We are not all that far apart. I believe the point you make is .. it won’t be exactly right. And I say, doesn’t matter. What matters is, if I do this comparison for 1000 or more point measurements, and compute a total for all of the Delta-squared values, I now have a yardstick measure of how well that particular climate model run performed. If the model inputs are tweaked, and re-run, does my yardstick get better or not? If a different climate model is run, and the yardstick computed against the same 1000+ points, is the yardstick value better in model A or model B? Does a particular climate model have ‘tendencies’ to run hot in summer or cold in winter, or vice versa? That would impact the yardstick value. Is the model stable – that is, are the year over year yardstick values about the same, getting bigger, getting smaller?
And to the point made by Willis – if there is a big problem (like UHI) in the homogenization process that created the synthetic grid data, then the climate model has no chance, but unless there is a comparison back to the measured data, how would you know?
I’m off my soapbox now. Thanks for listening. And thanks once again Willis, for thought provoking articles.

John Johnston

March 8, 2011 1:24 pm

@Juice, your supposed Lord Rutherford of Nelson quote is a misquote:
‘“If your experiment needs statistics, you ought to have done a better
experiment.”
The actual quote was: “If your result needs a statistician then you should design a better experiment”
There is a huge difference. Rutherford did say the odd dumb thing (who the hell does not?) but this was definitely not one of them. Lord Rutherford was the New Zealand Chemist and Physicist who laid the groundwork for the development of nuclear physics by investigating radioactivity. and who first split the atom.
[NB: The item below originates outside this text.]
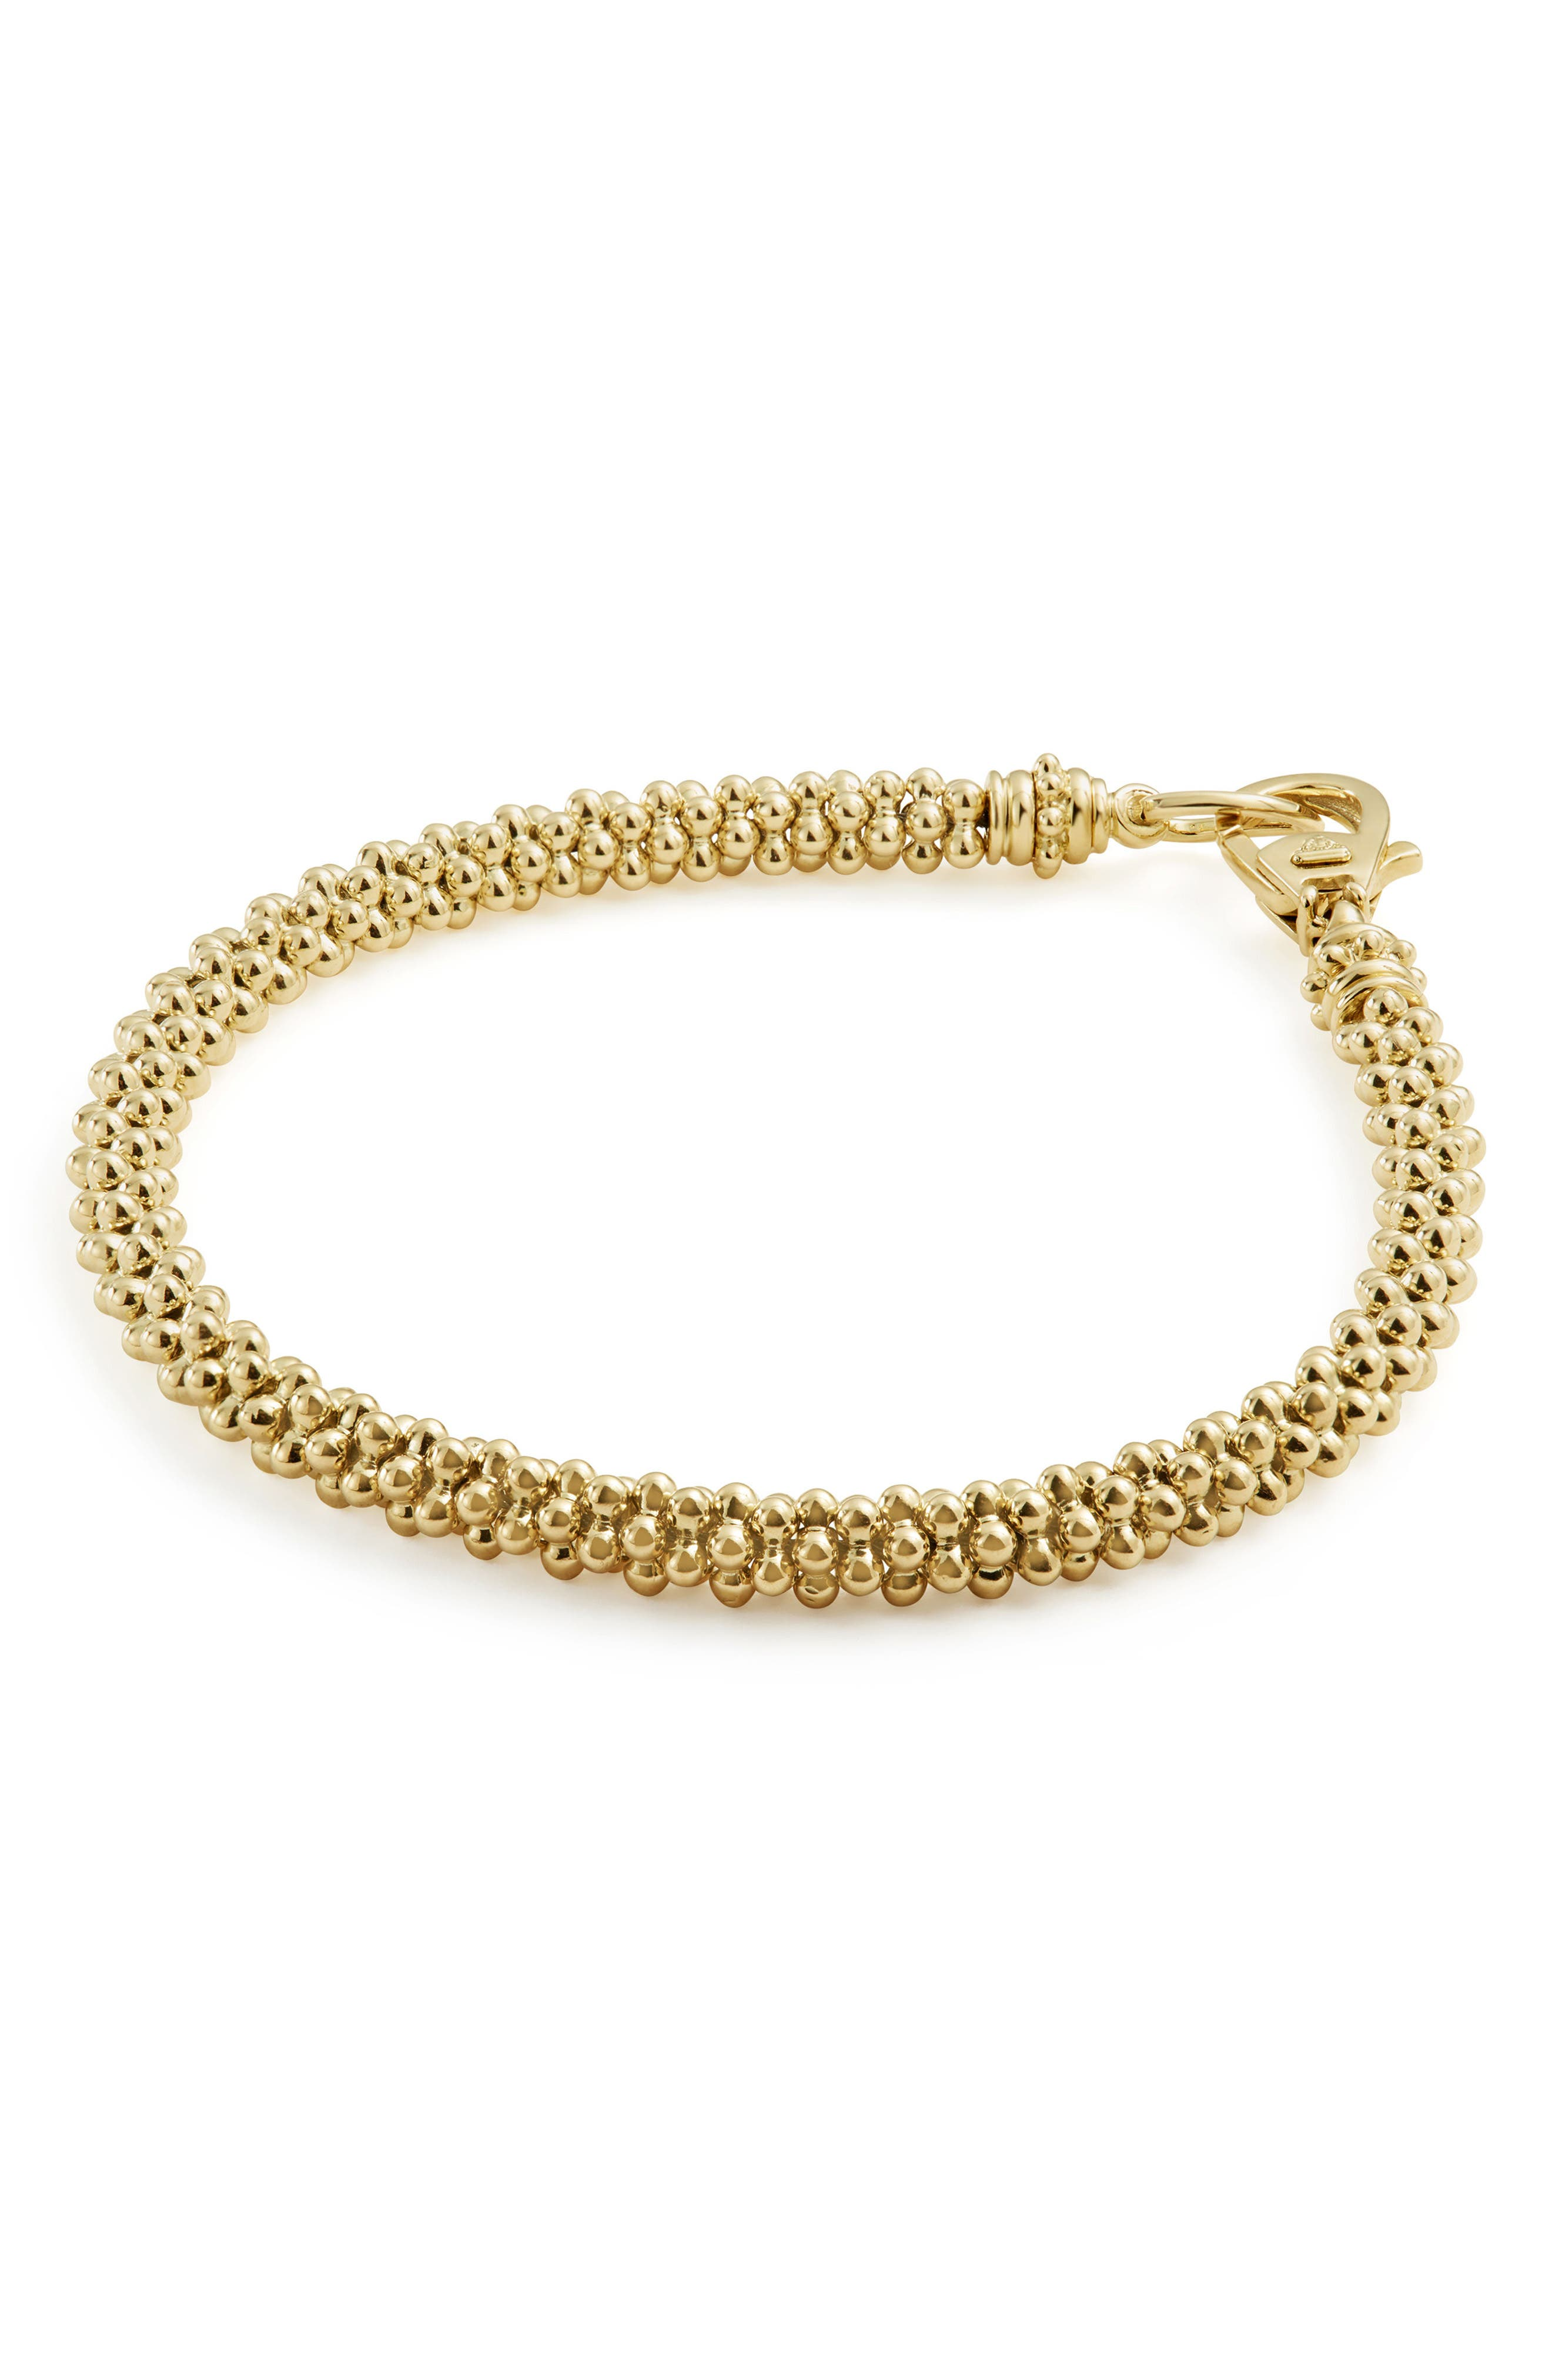 Caviar Gold Rope Bracelet,                             Alternate thumbnail 4, color,                             Gold
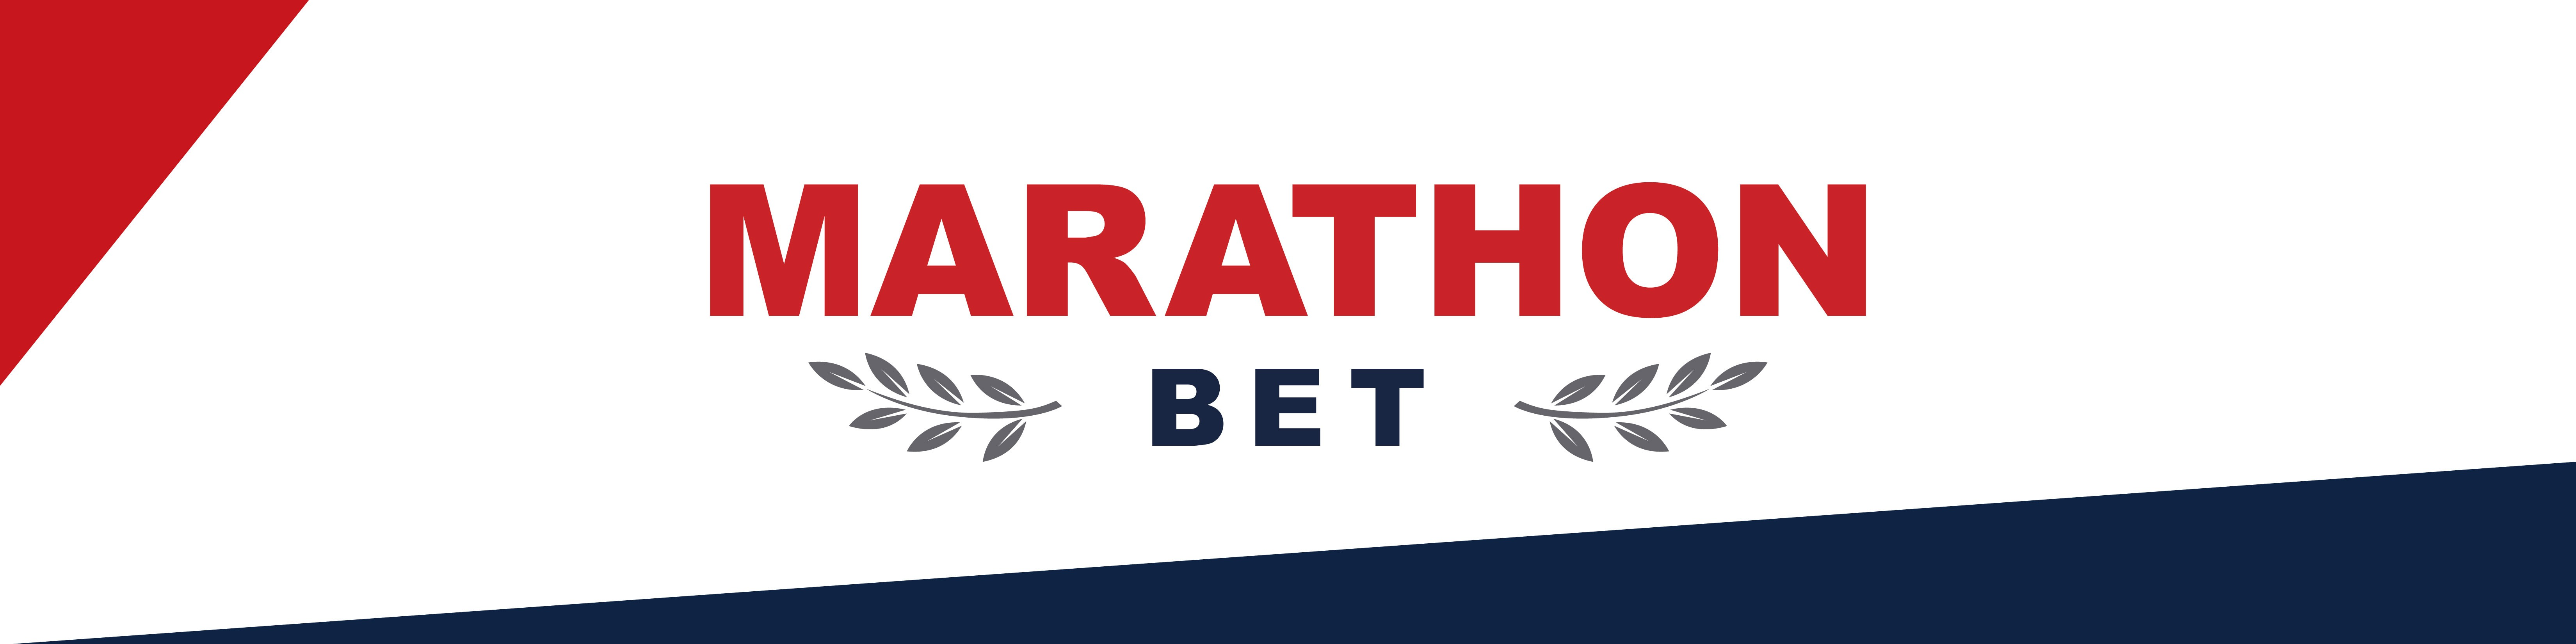 marathonbet betting

He collaborated with Bohr in describing atomic structure, and won the Nobel Prize in 1908, when that award still meant something.
He knew that statistics could be used to show correlation and thus point the way to formulating theories and identifying subjects worthy of investigation. He also knew that they could never be used to prove the theories. Only data will serve as results.

Stephen Brown

March 8, 2011 2:00 pm

Appropriate, methinks.
[youtube http://www.youtube.com/watch?v=-Py5aPLG348&w=480&h=390%5D

Christian

March 8, 2011 2:06 pm

Put very (too) simply:
1. You collect the data from various sampling points.
2. You perform statistics on it to model it together with its neighbours, in an attempt to create a ‘regional’ model.
3. You generate values for areal subsets that represents averages, including a ‘global’ average for the entire dataset.
4. You use these values to model ‘regional’ patterns.
The problem is, the ‘regional’ average generated for a subarea can differ markedly from the original point value. There are many possible reasons, but the main one is that the errors are large because there are not enough sample points.
It’s all about the errors. ‘Regional’ air temperatures are also flawed e.g. because the sampling is not optimised for ‘regional’ purposes, the sampling points are too few and irregularly distributed, one can go on and on.
The key observation is that, for climate science and even modelling to be useful, the land temperature data and the sampling density and protocols needs to be optimised. I have never read any study that discussed these critical issues by the policy makers but they emerge from studies like http://www.surfacestations.org.
In the meantime, we can do our best with the satellite and Argos datasets which are still young but hold out the hope that they will produce reliable regional and global datasets.